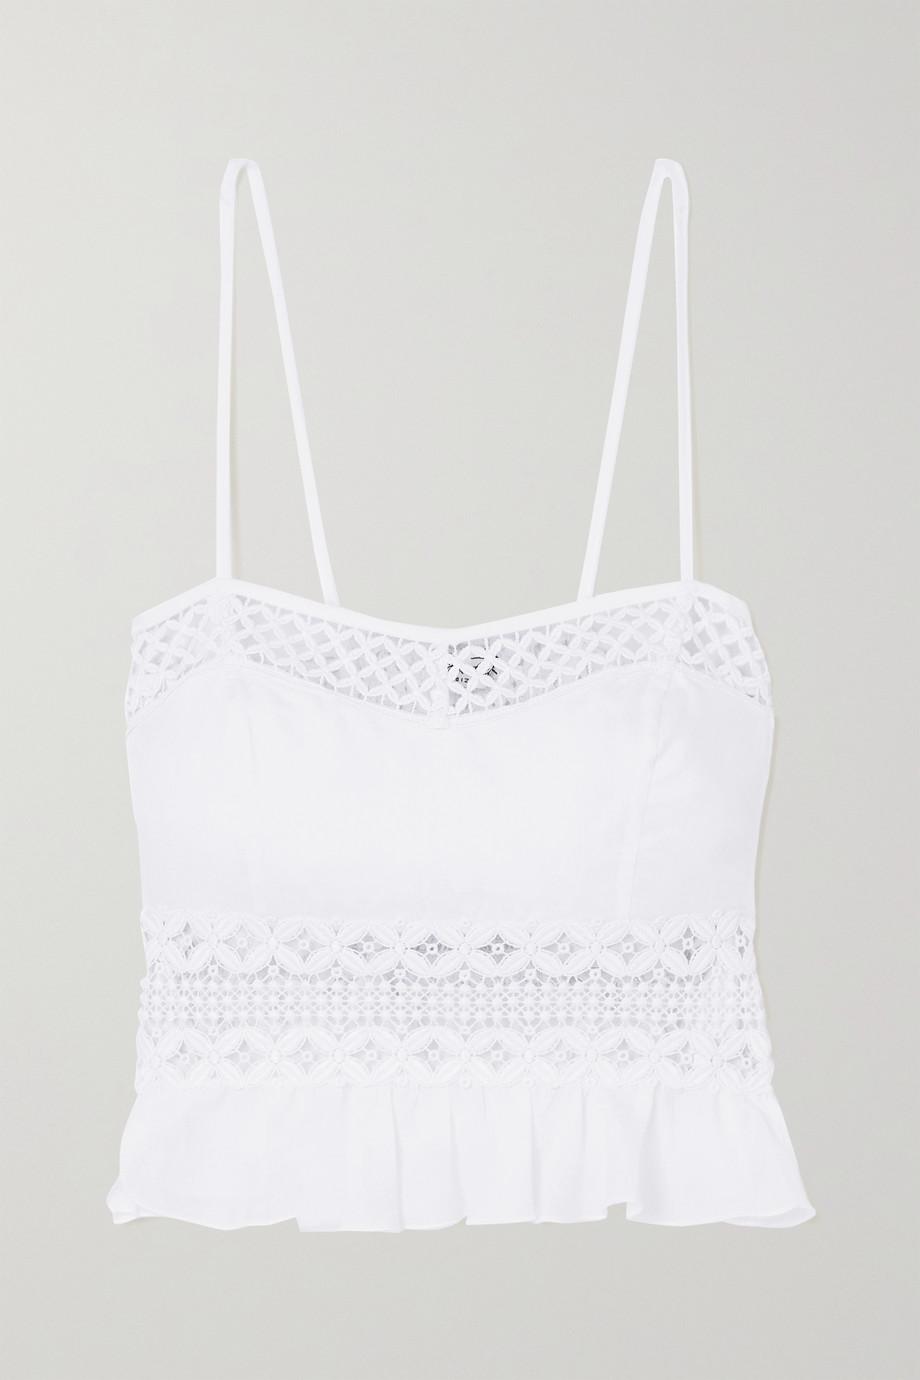 Charo Ruiz Crocheted lace-trimmed cotton-blend poplin top
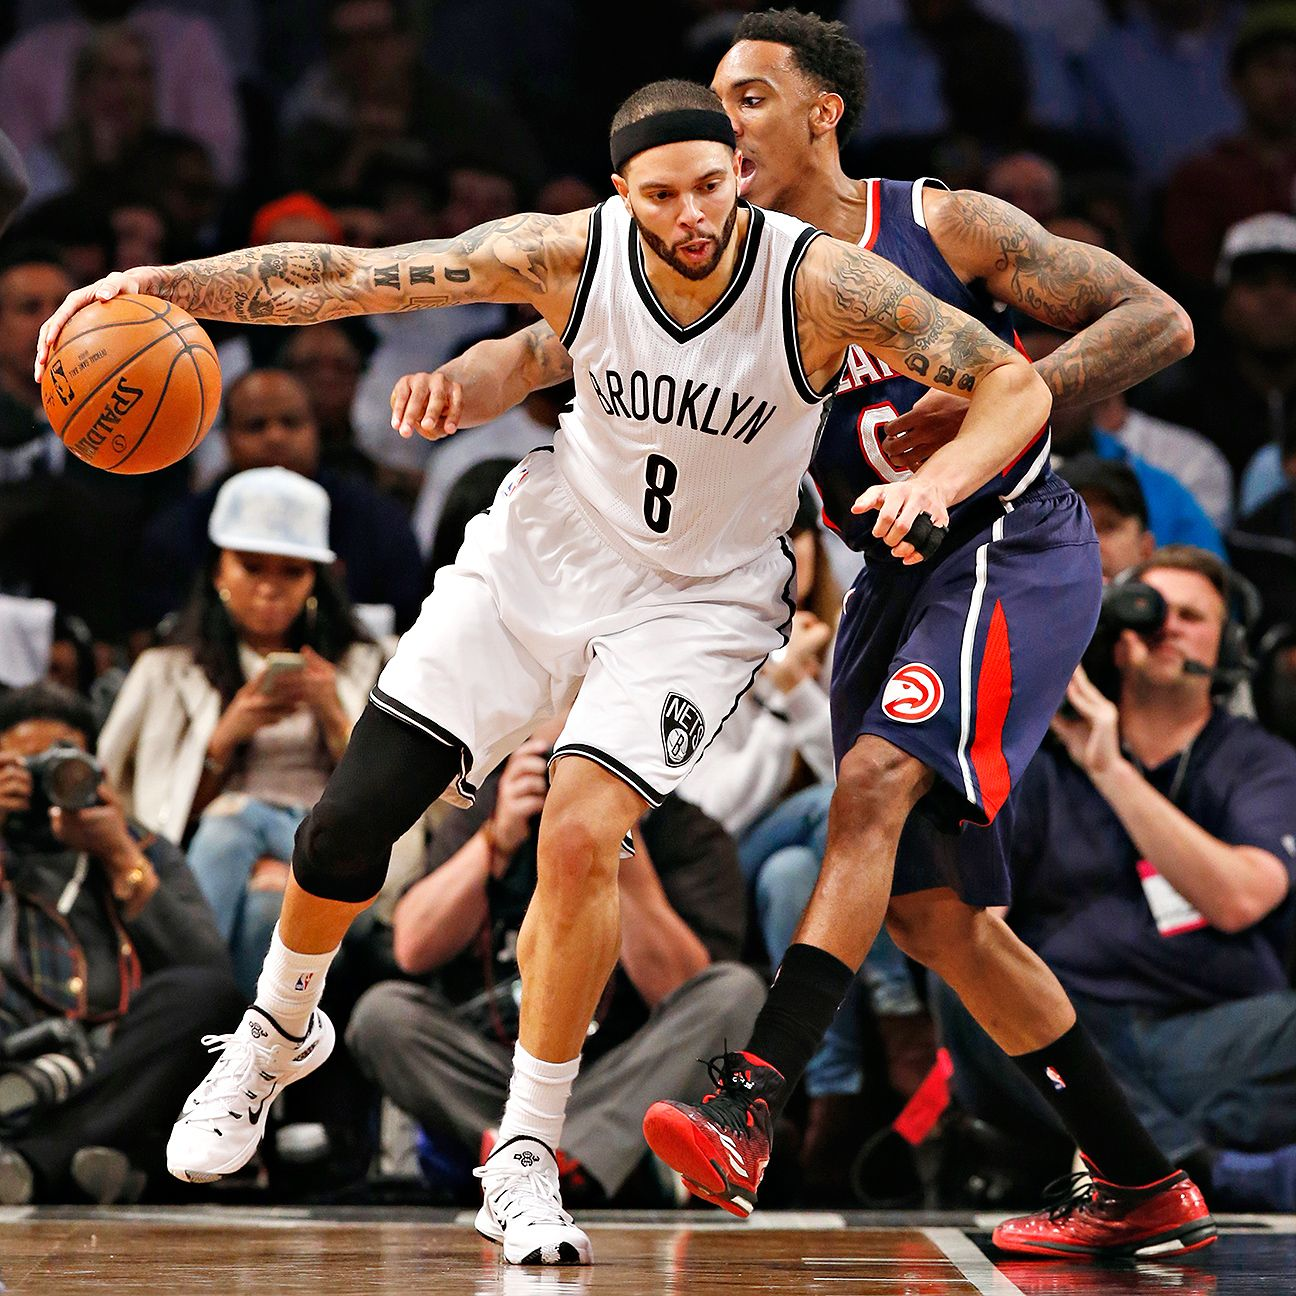 Nba Rumors And Basketball News: Bleacher Report Nba Trade Rumors
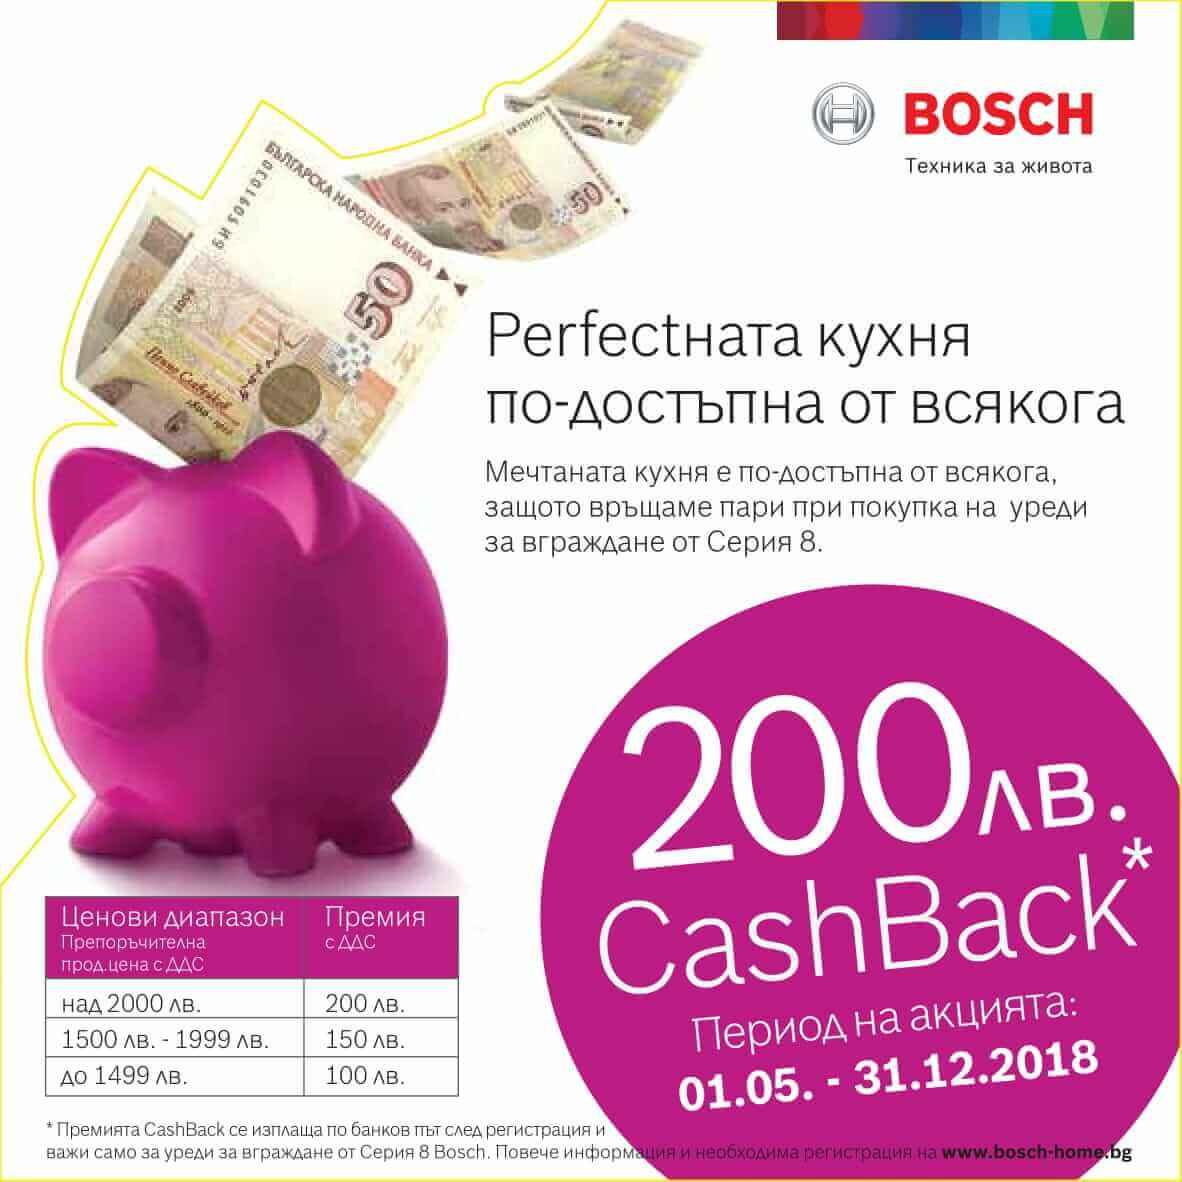 BOSCH CashBack
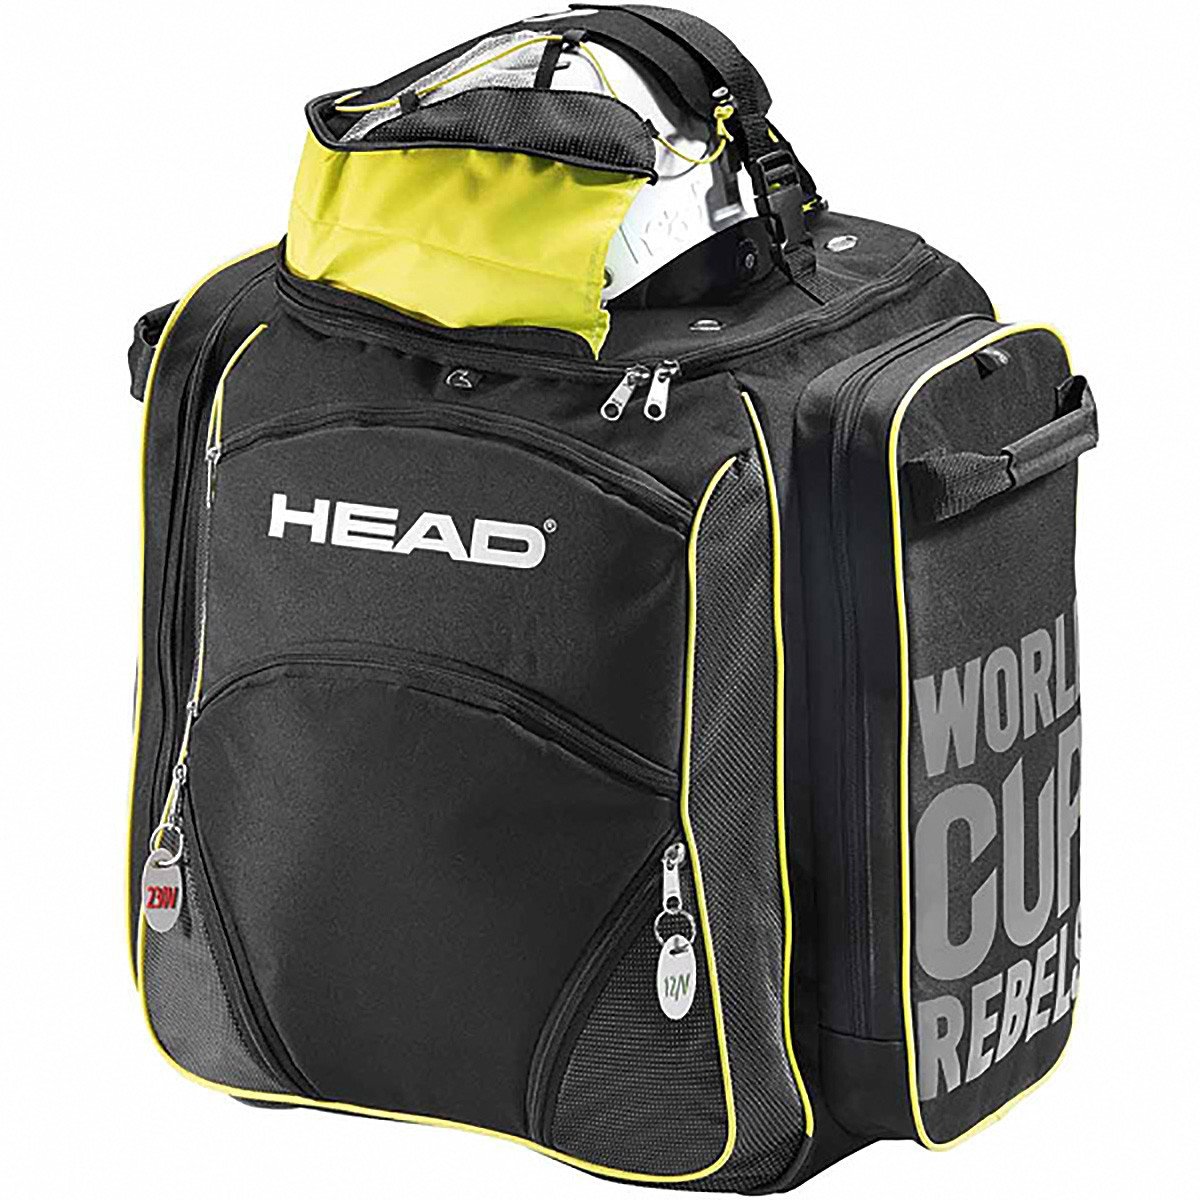 sac dos pour chaussures head heatable accessoires ski. Black Bedroom Furniture Sets. Home Design Ideas

## DIRECTIONS
Once you find the line with "BOSCH CashBack", restate it and every later line of the data word for word, excluding the pictures.

## SOLUTION TO THIS PROBLEM
 BOSCH CashBack
 sac dos pour chaussures head heatable accessoires ski. Black Bedroom Furniture Sets. Home Design Ideas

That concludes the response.